The other day my hubby commented how I’ve “gained alot of weight since he first met me”…..yeah…. 29 years ago…..but it was just the way he said it,in a critical way, he made me feel like a fat hippo. Back then in 1988 we were both thin, but we were also young,too, in our 20’s, and we both weighed 120 pounds, and he was even thinner than I was, esp. being a guy and being half a foot taller than me, yet now he’s gained alot of weight,too, I’m not the only one; he must weigh around 175 pounds now himself, but I’ve given birth to 11 kids, plus I’m on several medications that cause weight gain, and once I hit my 40’s the weight came on and just wouldn’t come off, due to the genetics in my mother’s side of the family;everyone on her side’s fat, even more so once they hit their 40’s, even the ones that weren’t before……so what’s his excuse?
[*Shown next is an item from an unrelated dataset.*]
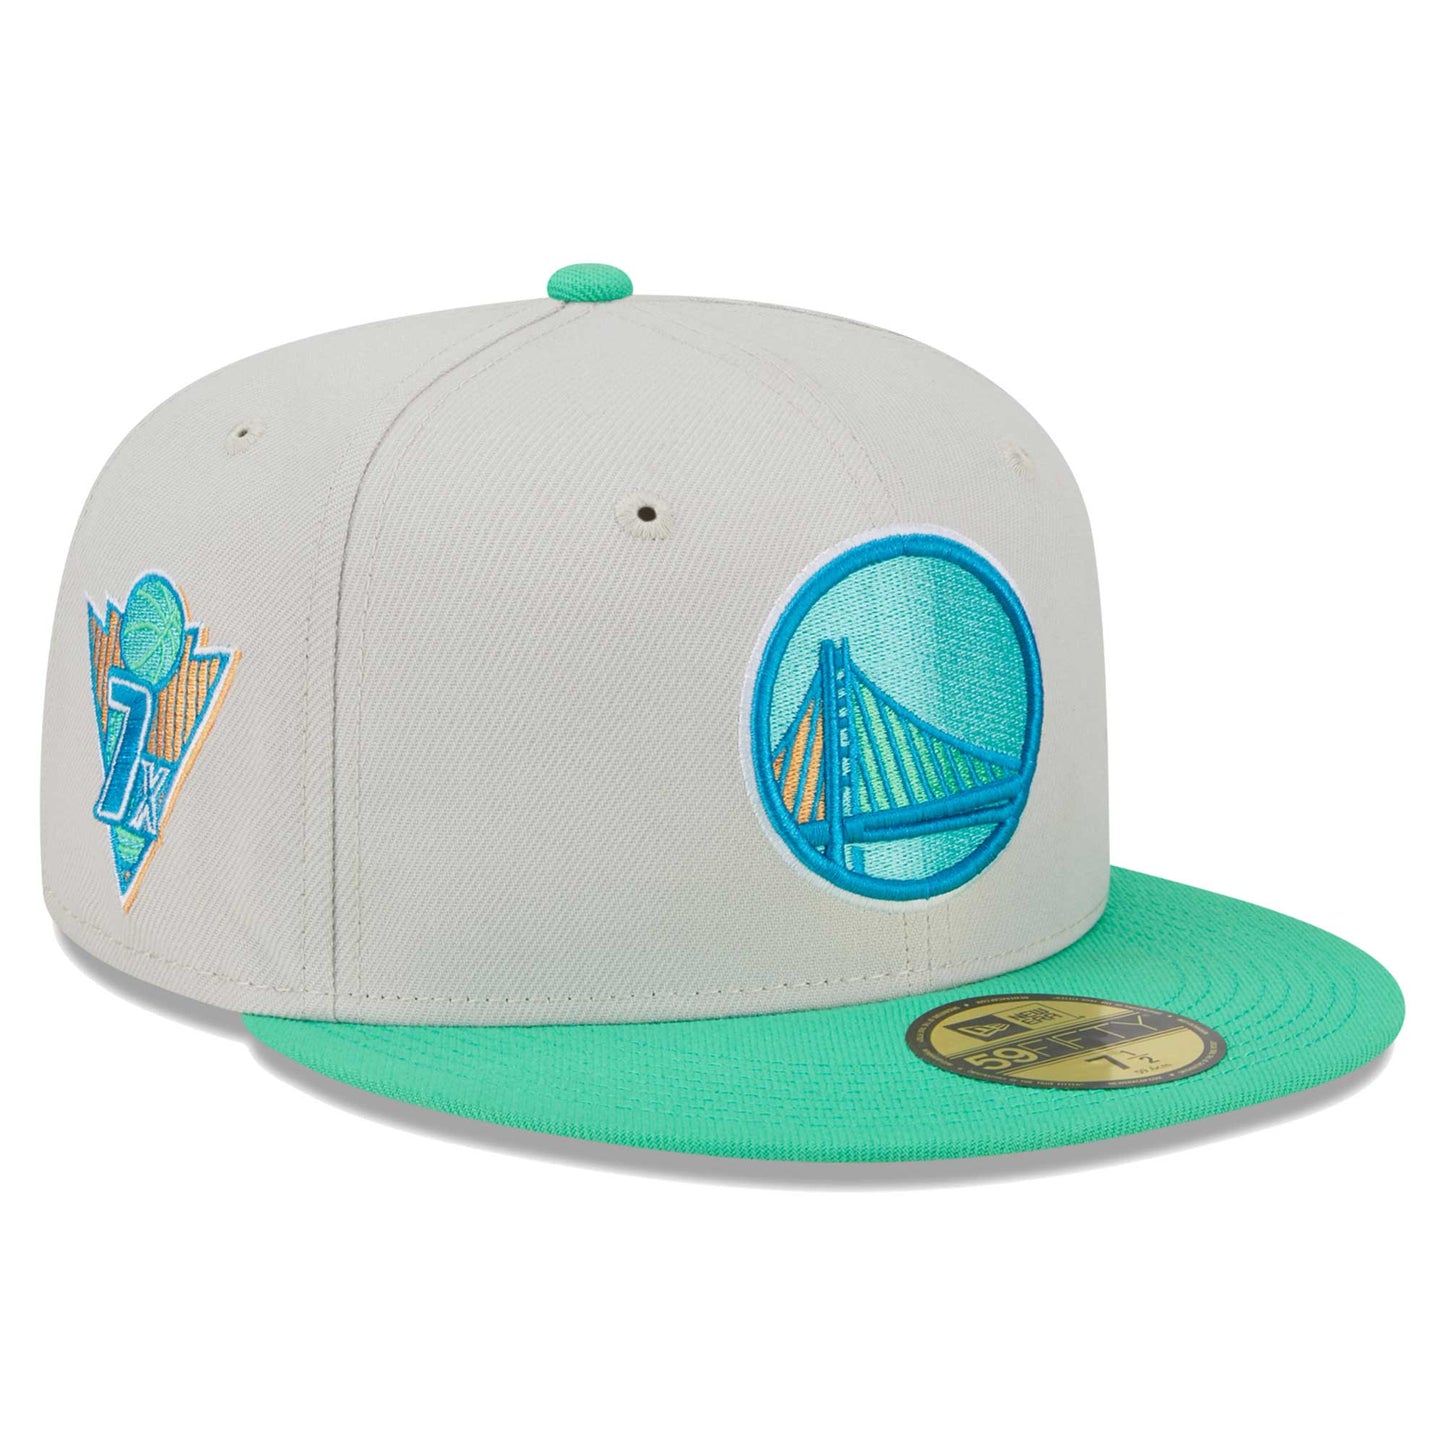 Golden State Warriors Cream and Green 59FIFTY Fitted Hat - Tan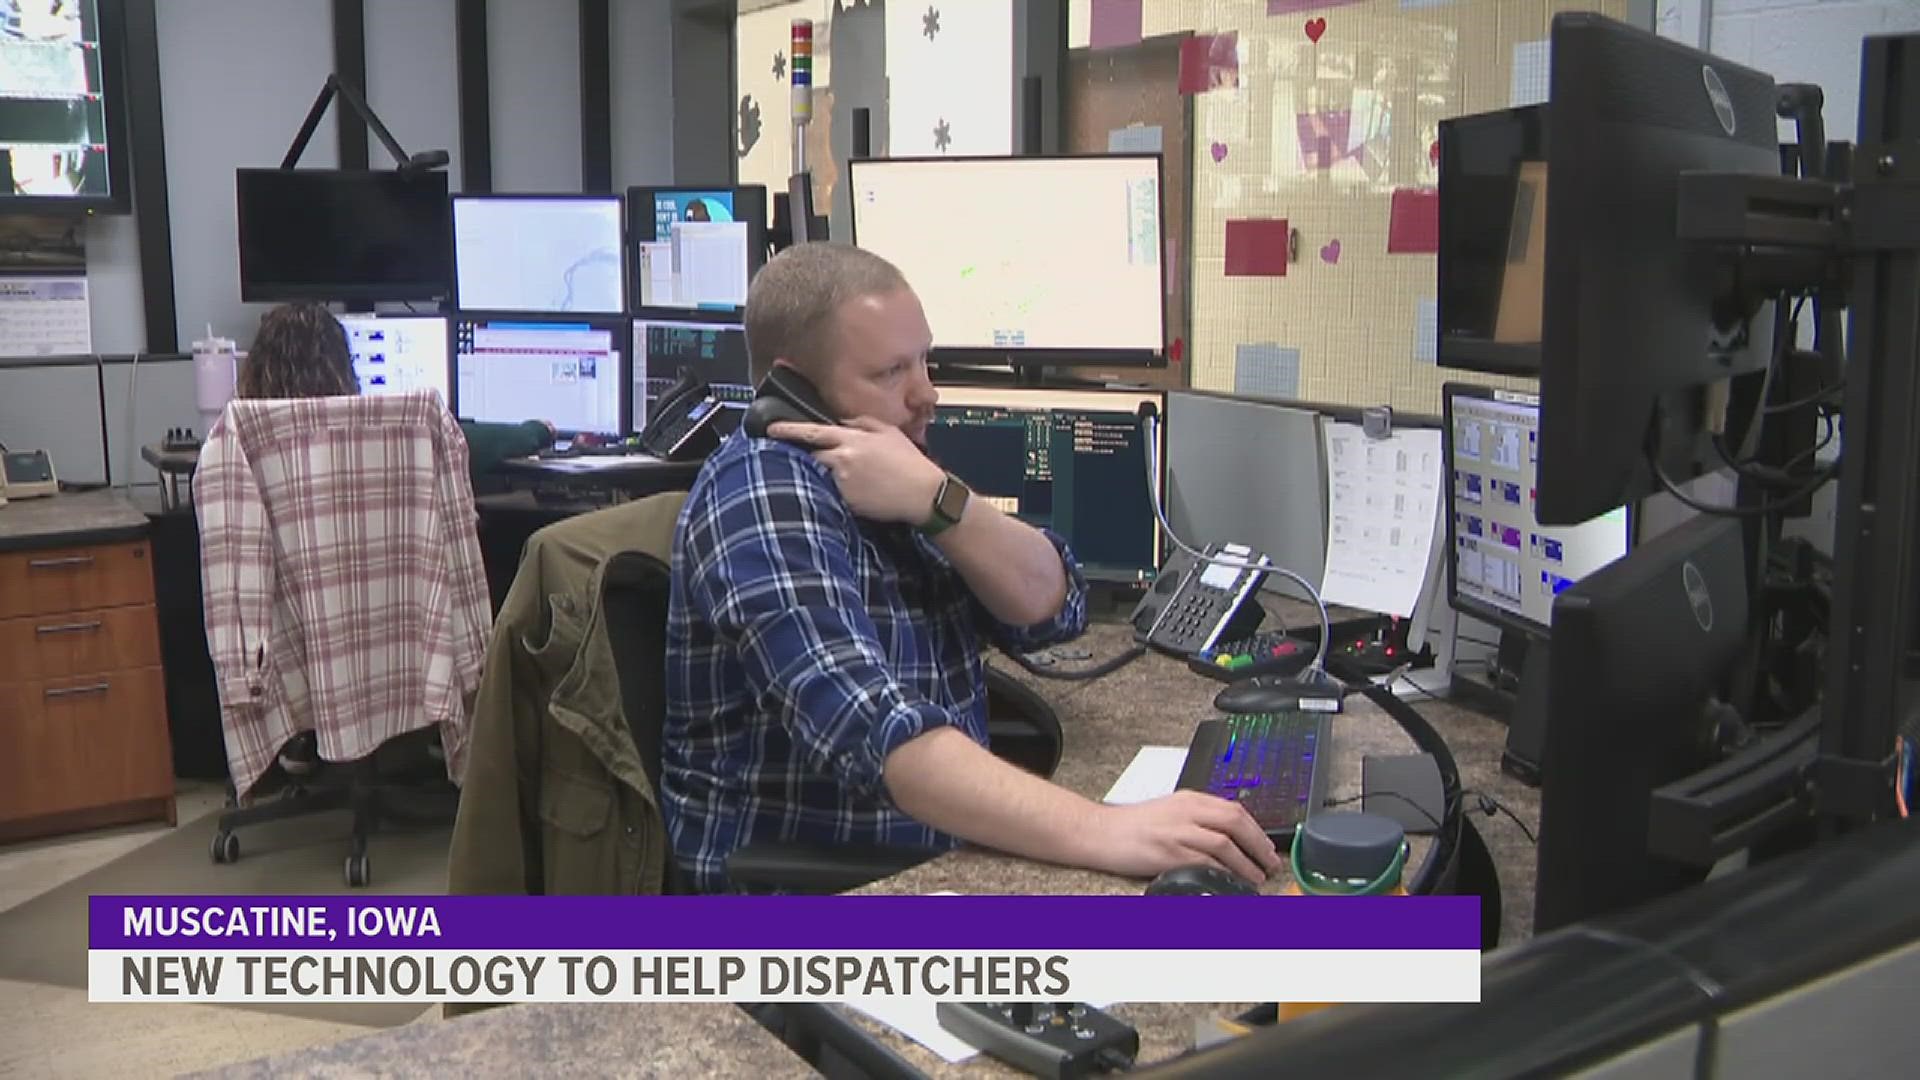 Muscatine County is the third county in Iowa to implement a feature that lets you live stream to dispatchers — helping them better understand situations.

I’m not the only one who’s gained weight since we first met yet he makes me feel inferior for it, like a failure, repulsive, disgusting, an object of ridicule, and always making wisecracks at my expense about my weight. I already feel bad enough having gained so much weight over the YRS( doesn’t he think that I’ve noticed, that I’m aware of it?) and it wrecks my already-non-existent self-esteem even more, I certainly don’t need him(or the kids) making fun of it , making cruel barbs about it, snarky comments, insulting me, and saying things like when I walk it shakes the ground like an earthquake, or I weigh as much as a hippo,etc.
I get it, I’m fat.(and I wish I wasn’t. I mean, who really wants to be fat? Who looks in the mirror and sees all their blubber, rolls, thunder thighs, muffin top,lard ass, 2 chins,sausage fingers,fat gut,etc.and thinks to themselves, “I look like the Michelin Tire man! I just Love it! I’m so happy I’m fat!”) I hate it. I hate seeing it. I hate looking in a mirror. I hate it that clothes don’t fit. I hate it that I just can’t wear certain styles. I hate it that it’s hard to even find certain clothes in my size.I ‘m embarrassed I always have to buy size XL. I hate it even more because I used to be really thin. I know what it’s like to be skinny and I’ve lost it. Yet my metabolism has changed and now the weight just won’t come off no matter how much I try to diet. It just doesn’t work anymore. Before I could starve and I’d lose the weight, now I just starve only with no results.
I was always ugly but at least I used to be thin. Now I’m fat,too. Fat and ugly. I just can’t win. I just keep getting even worse-looking. I hate myself even more. Thanks for always reminding me.